Boots alone stocks about 10 products that claim to aid sleep. The market is worth around pounds 12m a year and is still growing, according to Vere Awdry, marketing director of GR Lane Health Products, which makes herbal remedies such as Naturest and Kalms. Some 65 to 70 per cent of the customers are women.

Alongside the herbal remedies, there are pharmacy-only antihistamine- based products such as Nytol, which produces drowsiness by dulling certain brain receptors. Stafford Miller, the manufacturer of Nytol, claims more than 60 per cent of the market, leaving herbal remedies with a mere 20 per cent or less.

Herbal remedies with ingredients such as valerian, motherwort, passion flower and wild lettuce would seem a simple and safer proposition than prescribed drugs. But it is not clear how they work. The distinction between an anti-stress product and a sleep aid is often only in the balance of herbs.Valerian, for instance, has a long history as an anti-spasmodic, and also has sedative properties. The drug is derived from a plant root and its effect is thought todepend upon a volatile, or essential oil, and to some extent upon valeric acid.
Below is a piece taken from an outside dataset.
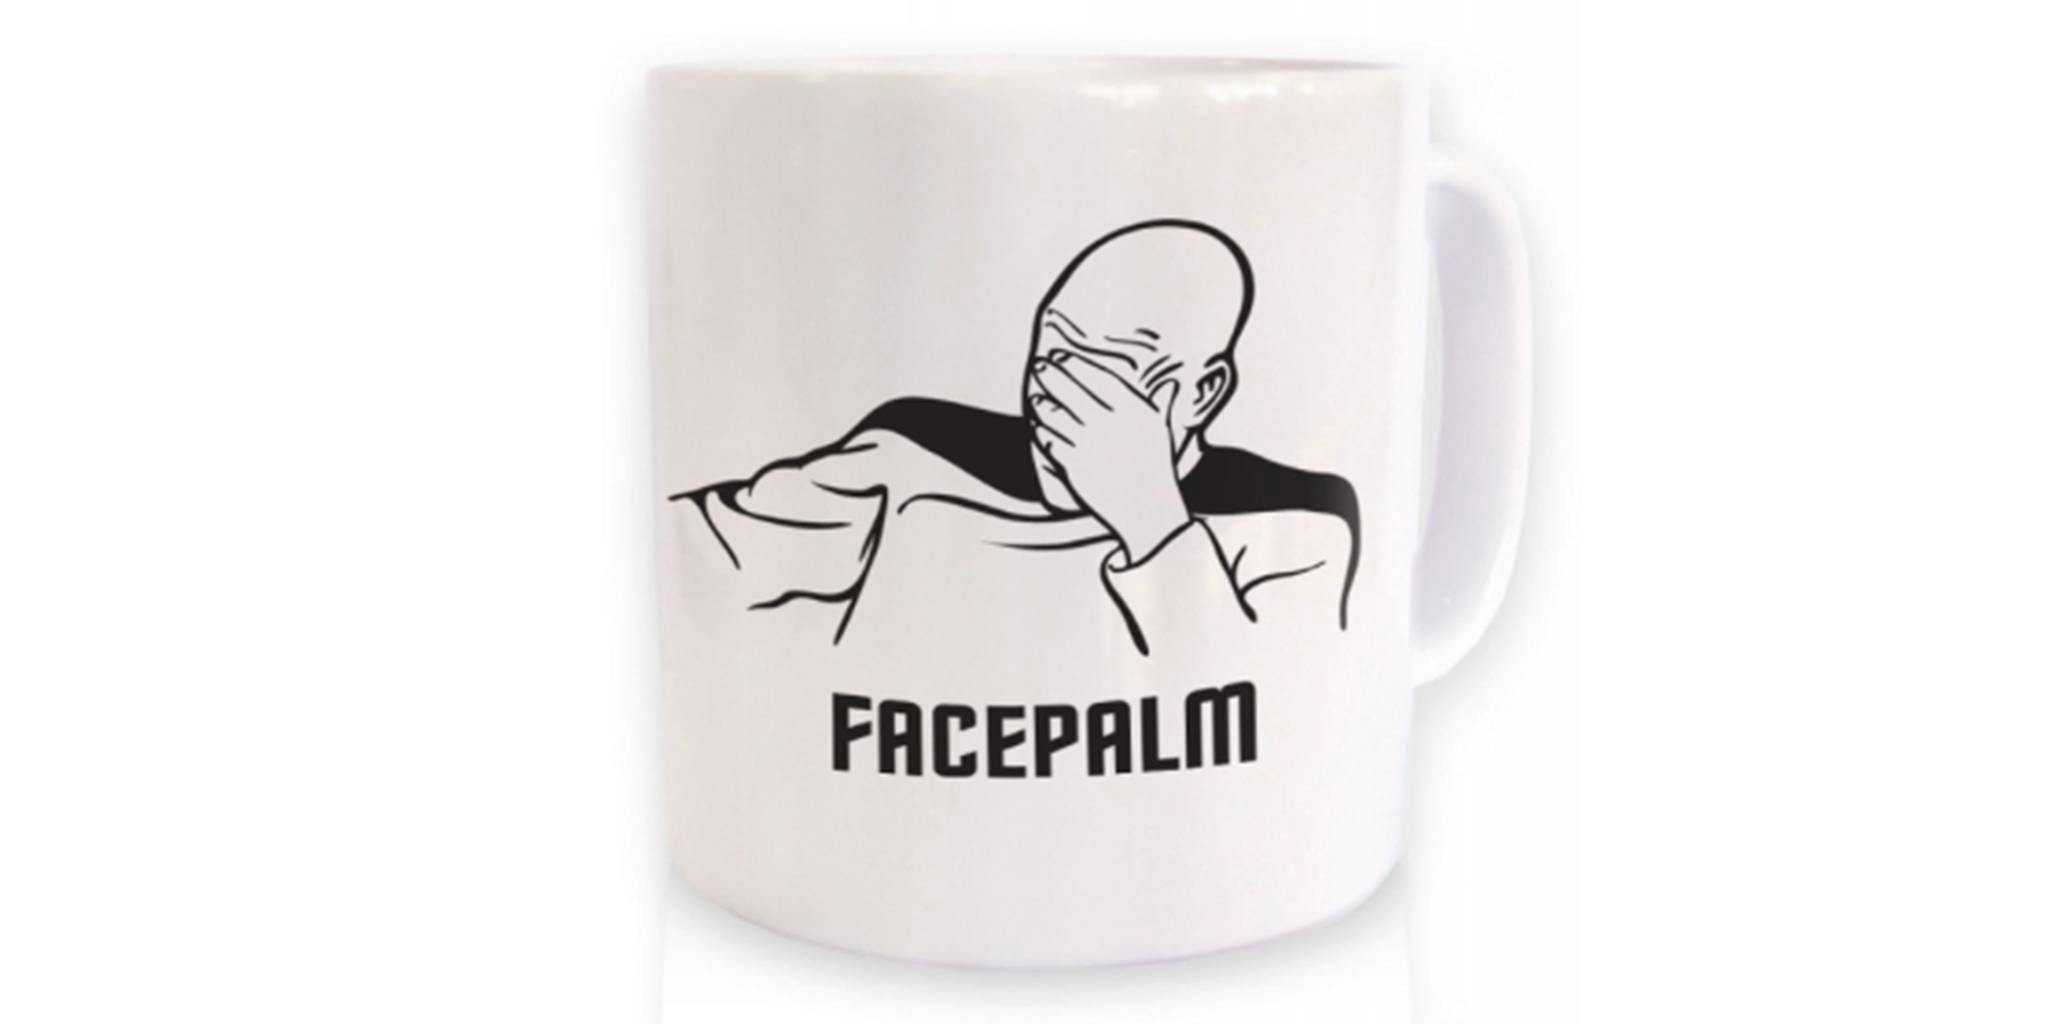 This Captain Picard mug is perfect for when you want to scream at work

According to the British Medical Journal in 1989, valerian could lead to headaches and liver damage. Mr Awdry dismisses this, saying the sample group was "too small" and the dosage levels too high to make its findings relevant. "This is a licensed remedy. Even if it is unclear how valerian works, there is no evidence of any detrimental effect." The Medicines Control Agency reviewed the licences for many herbal remedies, including those containing valerian, in 1990, and said there was no need for further regulation.
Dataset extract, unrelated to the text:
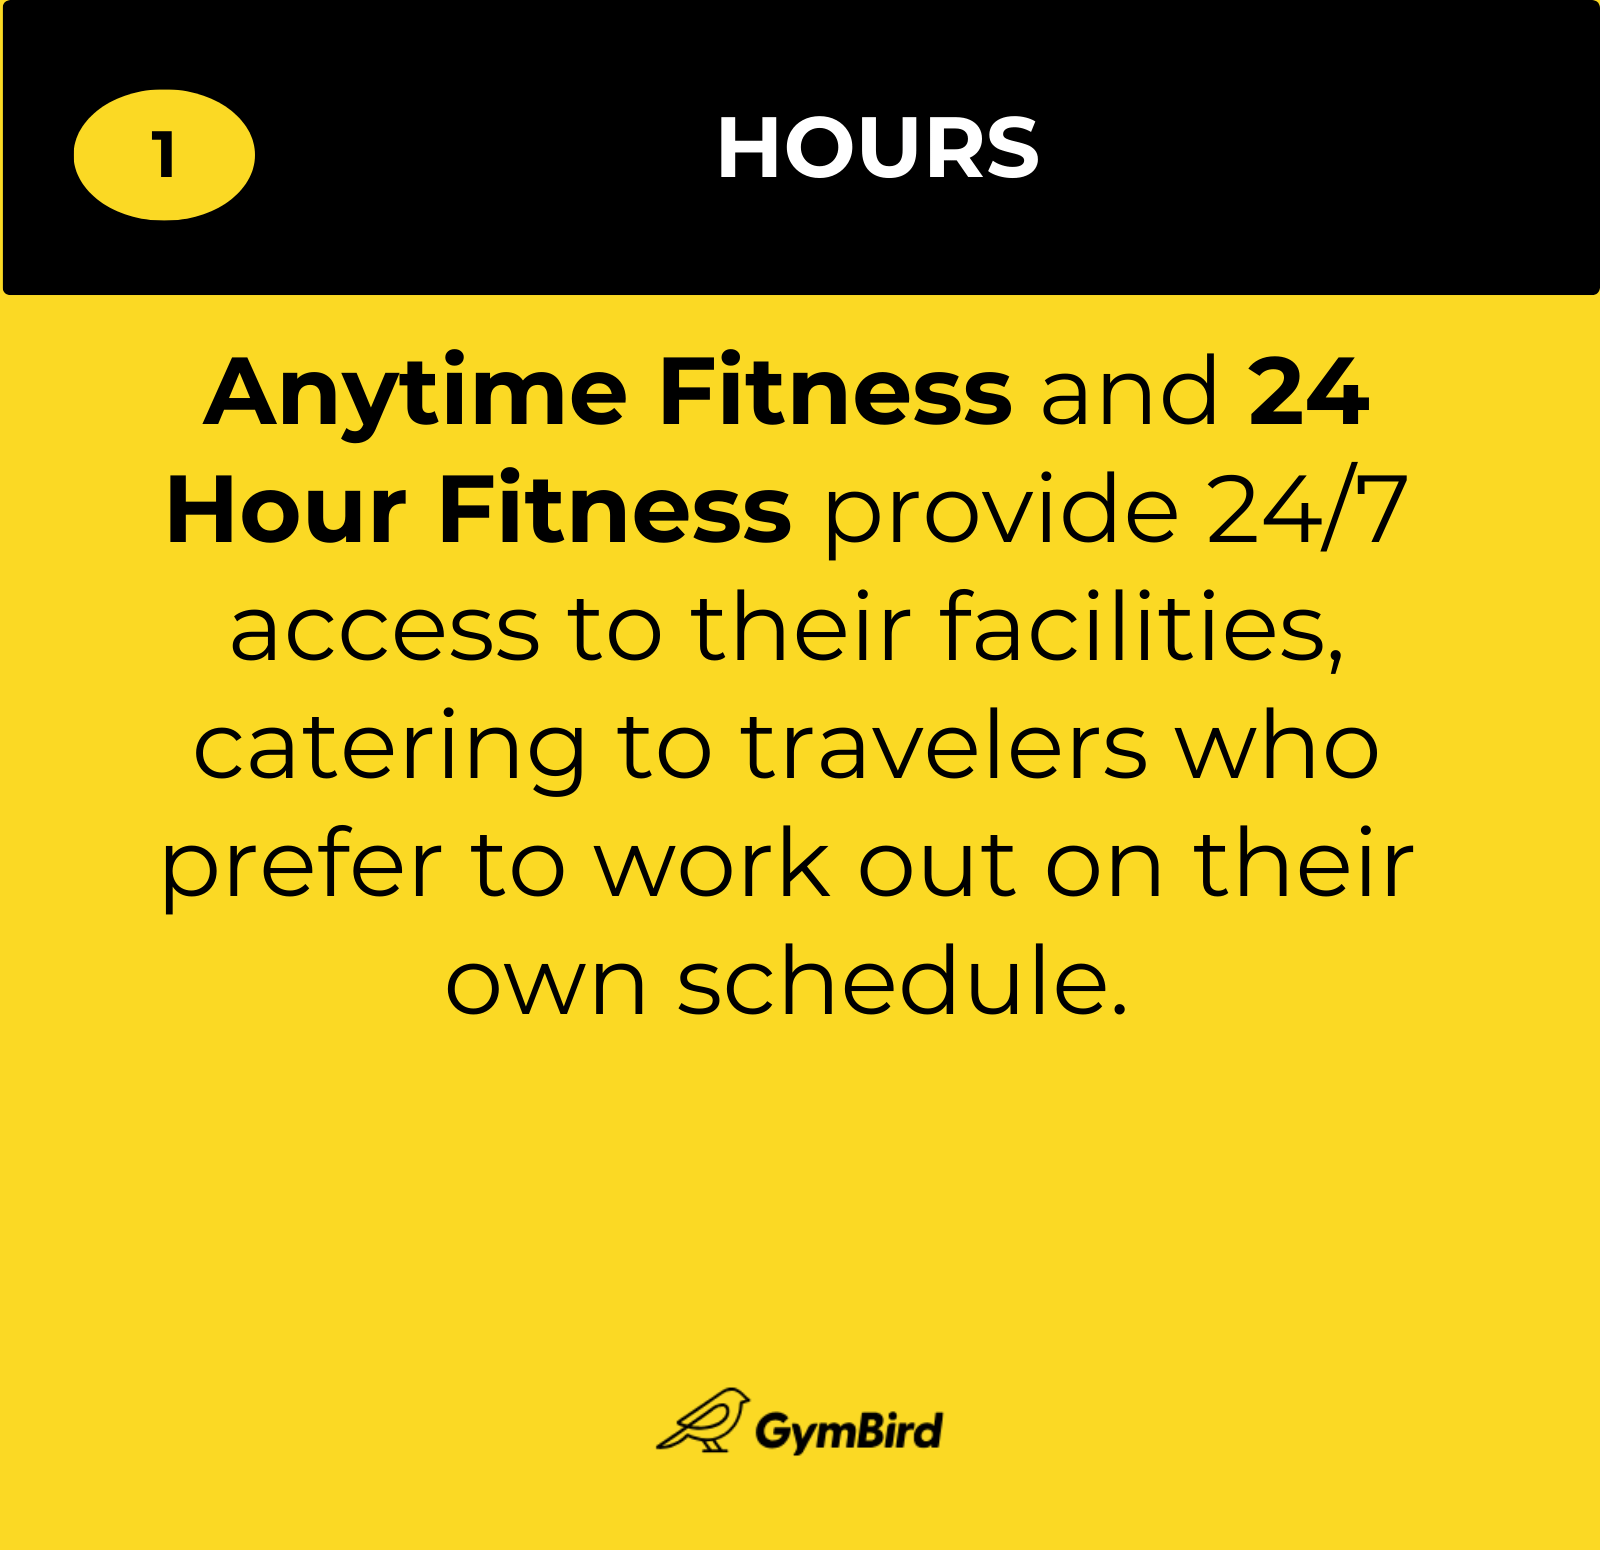 how to choose a gym for travelers - hours

"If something says 'natural', it should still be treated carefully," says Christine Steward, vice-president of the National Institute of Medical Herbalists. "No one should take a sleeping remedy if they are taking orthodox medicine for sleeping without first talking to their herbalist or GP."
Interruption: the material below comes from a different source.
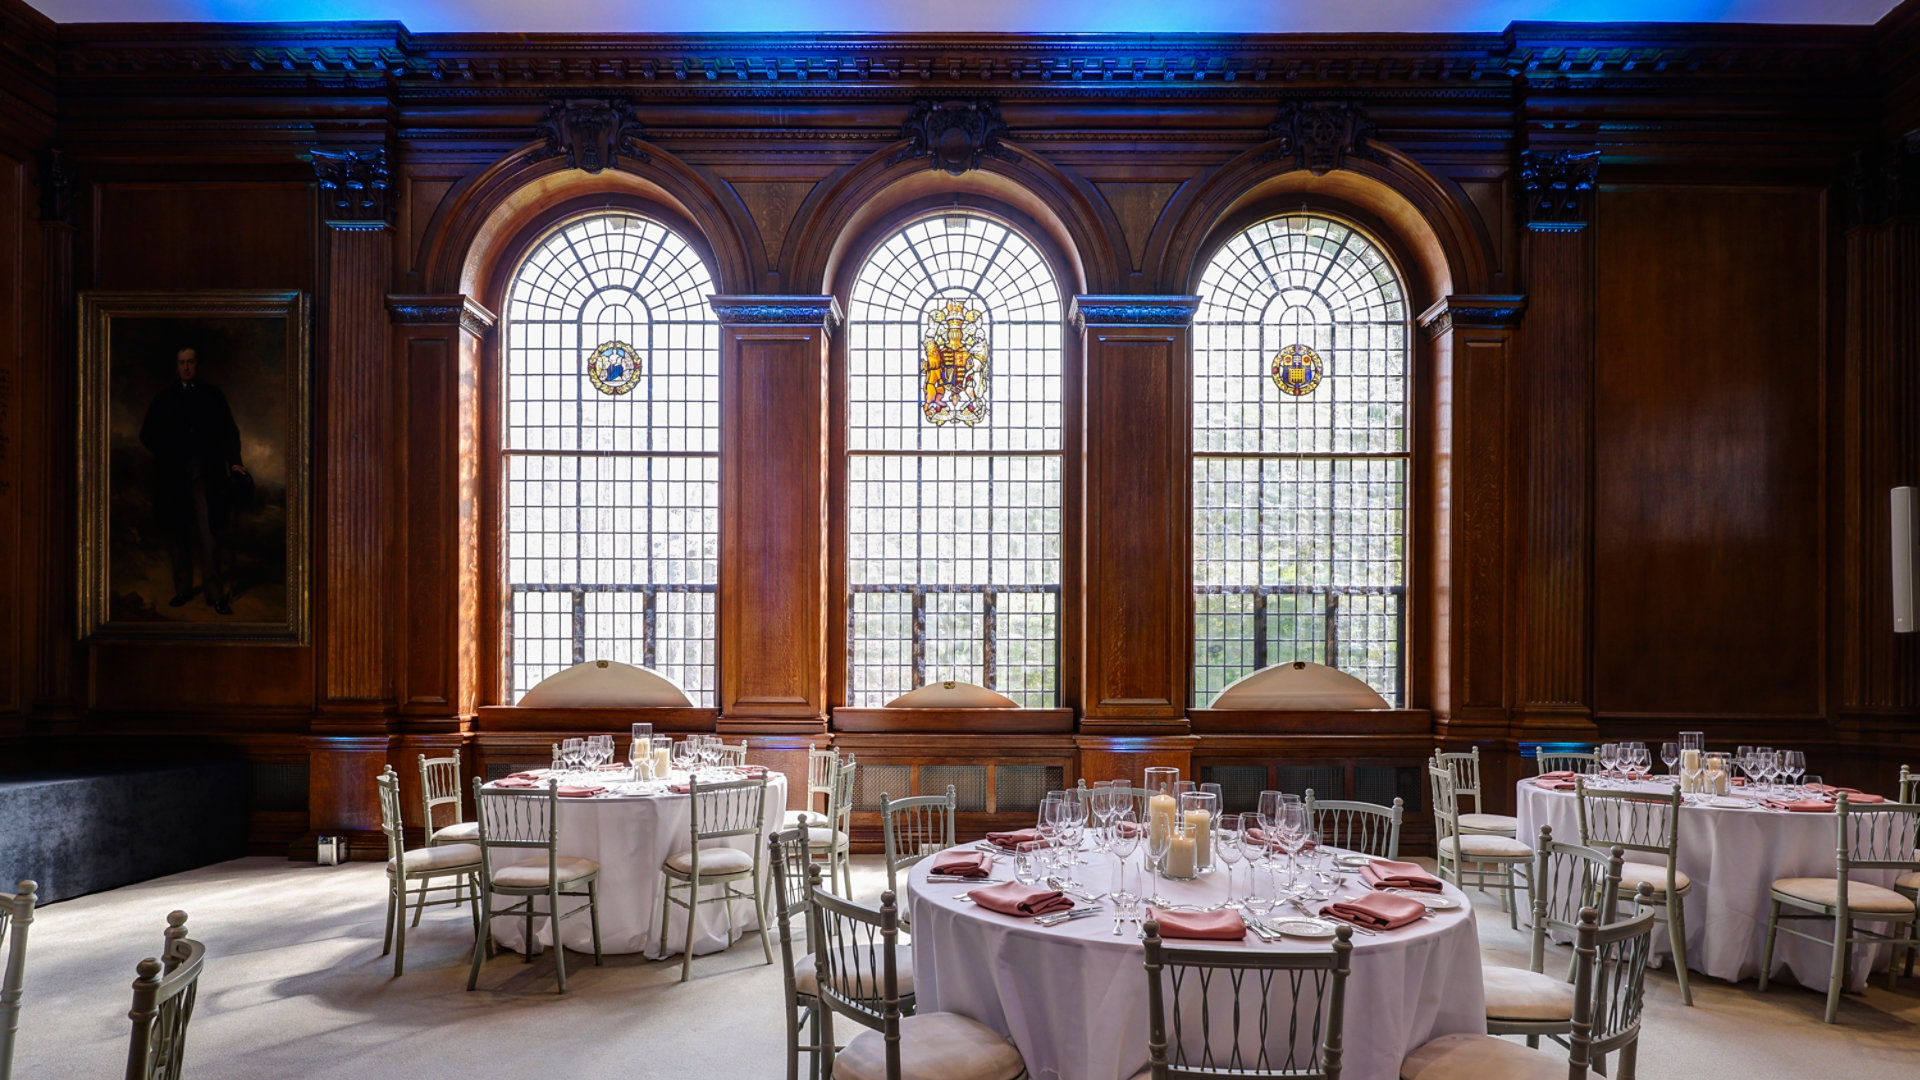 A banqueting hall set up at the RICS offices in London

Sharon Buckle, a Boots healthcare specialist, says: "We would recommend that any remedy should be for short-term problems only. Certainly we wouldn't recommend an over-the-counter remedy for more than three weeks."

Herein lies a potential problem. Many remedies may take a week or more to have any effect.

"These remedies can sometimes help," says Ms Steward. "But an ongoing sleep problem needs a longer-term solution. I had a patient who was not sleeping because she was reading thrillers at bedtime. People look for short cuts these days. They want to sleep, but aren't prepared to change their lifestyle. It's not that easy."